/i/Siyaset

Saygı Çerçevesinde Özgür Siyaset Platformu
  1. 101.
    0
    Lord Cromer’in islam’a ve Müslüman Toplumlara Bakış Açısı

    Lord Cromer, 19. yüzyılda dünyayı en vahşi yöntemlerle sömürge haline getiren ingiliz derin devleti yöneticilerinin çirkin bir örneğidir. Kendisinin, üstün ırkın temsilcisi olduğuna inanan, Darwinist, kibirli ve ırkçı bir adamdır. Müslüman dünyasını yerle bir eden zihniyeti tanımak adına Cromer’in bakış açısını kendi sözleri ile anlatalım (islam’a yönelik ifadelerden yüce dinimizi tenzih ederiz):
    ingiliz derin devletinin, Mısır’ın kendini islam’a göre yönetmesine izin vermeyeceği

    Avrupa’nın, Mısır’da tamamen Müslüman ilkelerinde, gerici bir hükümetin kurulmasına öylece seyirci kalacağını sanmak mantık dışıdır. Mevzubahis maddi çıkarlar bunun için fazla önemlidir. Yeni kuşak Mısır halkı, Batı uygarlığının gerçek ruhunu özümsemeye ikna edilmeli veya zorlanmalıdır.

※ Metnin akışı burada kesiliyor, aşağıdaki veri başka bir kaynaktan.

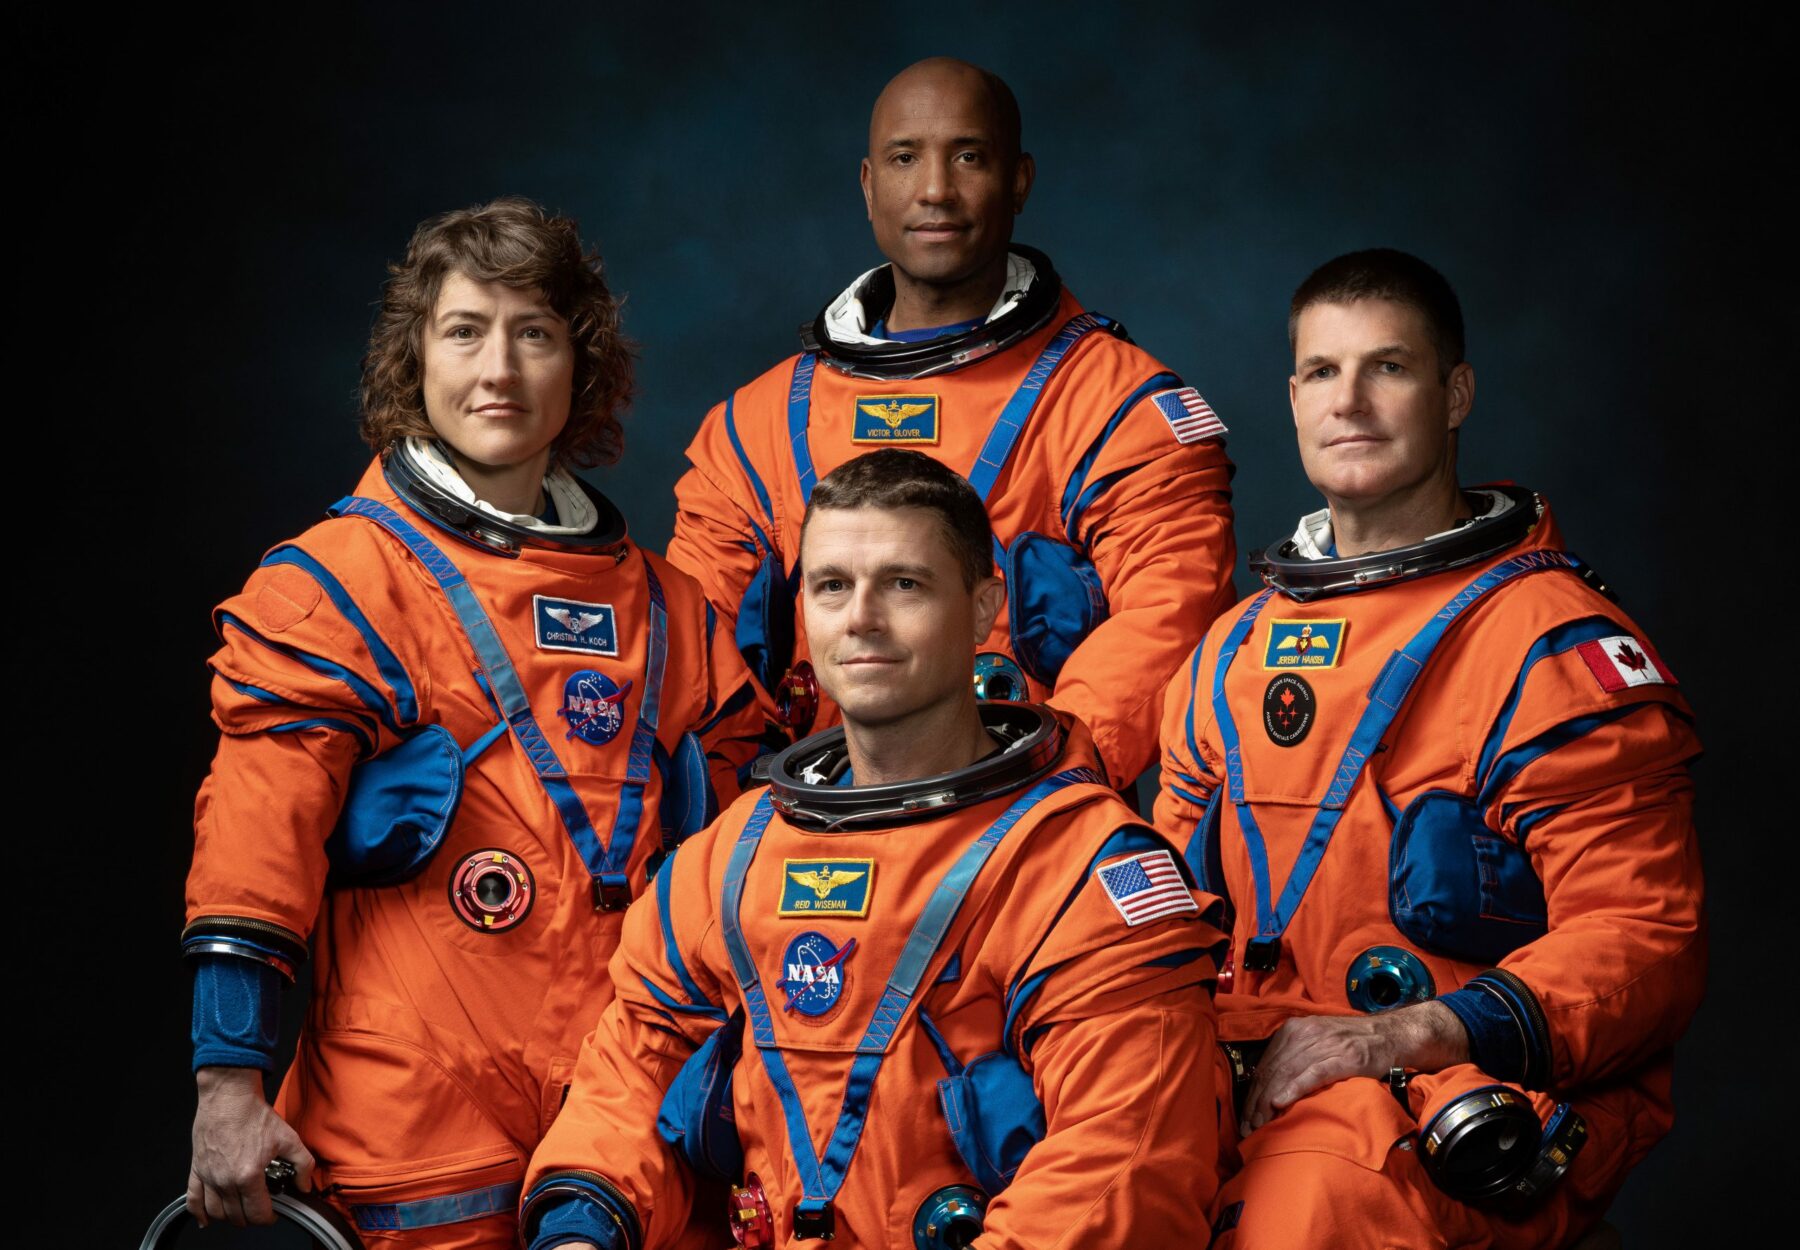 Fire astronautar, inkludert ei kvinne og ein svart mannen kvinn

    Kadın haklarına gerçek bakış açısı

    Lord Cromer, Müslümanlara kadın hakları konusunda ders verirken, kendisi ingiliz kadınlarına oy kullanma hakkı verilmesine karşı kampanya yürüten ve zamanında başkanlığını da yaptığı B.K. “Kadınların Oy Kullanması Karşıtı Erkekler Derneğinin” bir üyesiydi.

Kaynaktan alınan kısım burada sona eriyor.